В это помещенье вошли только Сикус и дева. Вот дева усадила его за стол; вернулась и поставила пред ним эльфийские кушанья, от одного вида которых, у сытого человека потекли бы слюни. Сикус еще сдерживался, еще глядел на деву неуверенно, ожидая, что-то она скажет, а она пропела солнечным голосом:
— Кушай пожалуйста, гость дорогой.
И тогда Сикус, забывши о тоске своей, набросился на еду. Не останавливаясь, ел он до тех пор, пока ничего не осталось, а затем, выпивши напиток, в котором, как показалось ему, был заключен свет Луны, он почувствовал себя так хорошо, как никогда не чувствовал. Он смотрел на эту деву с той преданной любовью, с какой смотрит подобранный на улице голодный щенок, которого и накормили, и приласкали.
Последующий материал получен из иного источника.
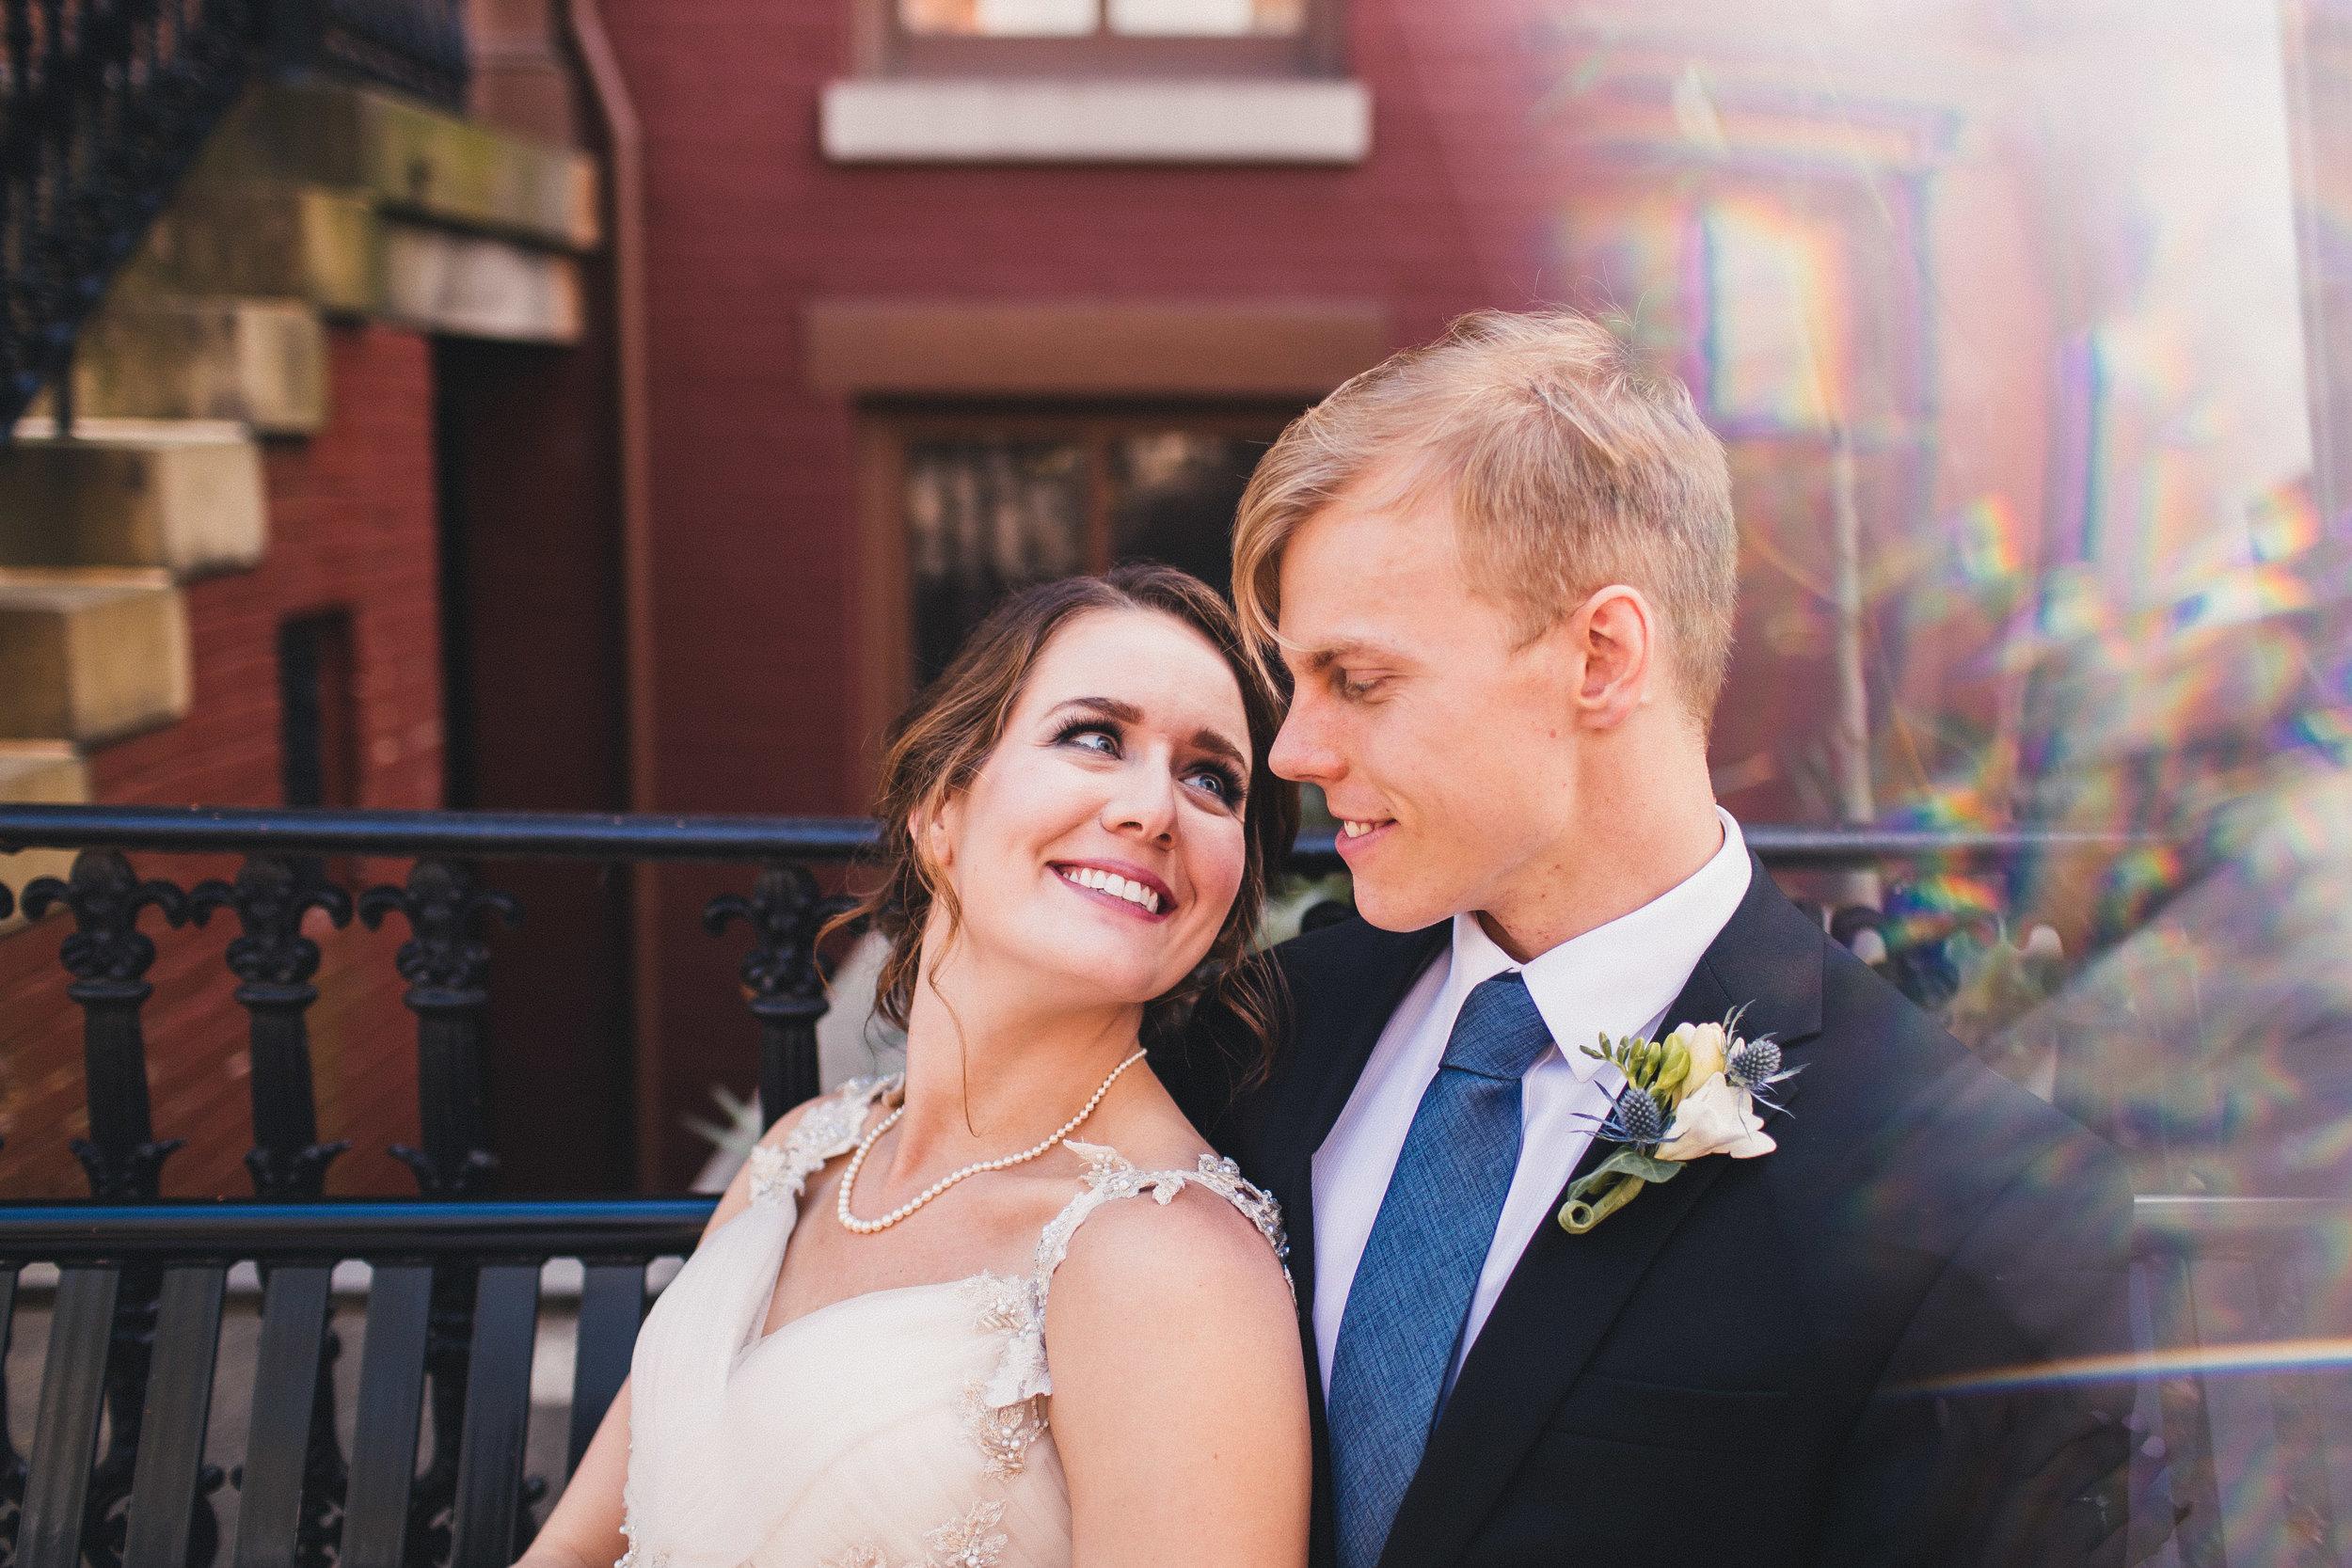 Lindsey & Bert - Wedding 4.1.17-359.jpg

Вдруг, он понял, что влюблен. Сердце его сжалось какой-то раскаленной, стремительной стрелою; и вот уж он сам не заметил, как упал перед девой на колени, и поймав ее ладони, стремительно их целуя, лепетал:
— Вы любили когда-нибудь?!.. О — да вы все время любите! Вы любите сильной, чистой любовью; и вас все любят, потому что вас нельзя не любить… А я… Знайте, что если я и любил, то как то, сжато, как будто в клети сидел! Душно мне, душно было! Ну, а теперь то, позвольте мне вас любить! Пожалуйста, пожалуйста… Вы, Святая!..
Он даже и сам не понимал, как это осмелился, такие слова произнести; однако, теперь весь задрожал от сознания собственной ничтожности и подлости, ему даже мерзким казалось, что он осмелился Ей такое сказать — он дрожал, шепча:
— Простите меня пожалуйста за дерзость. Я же…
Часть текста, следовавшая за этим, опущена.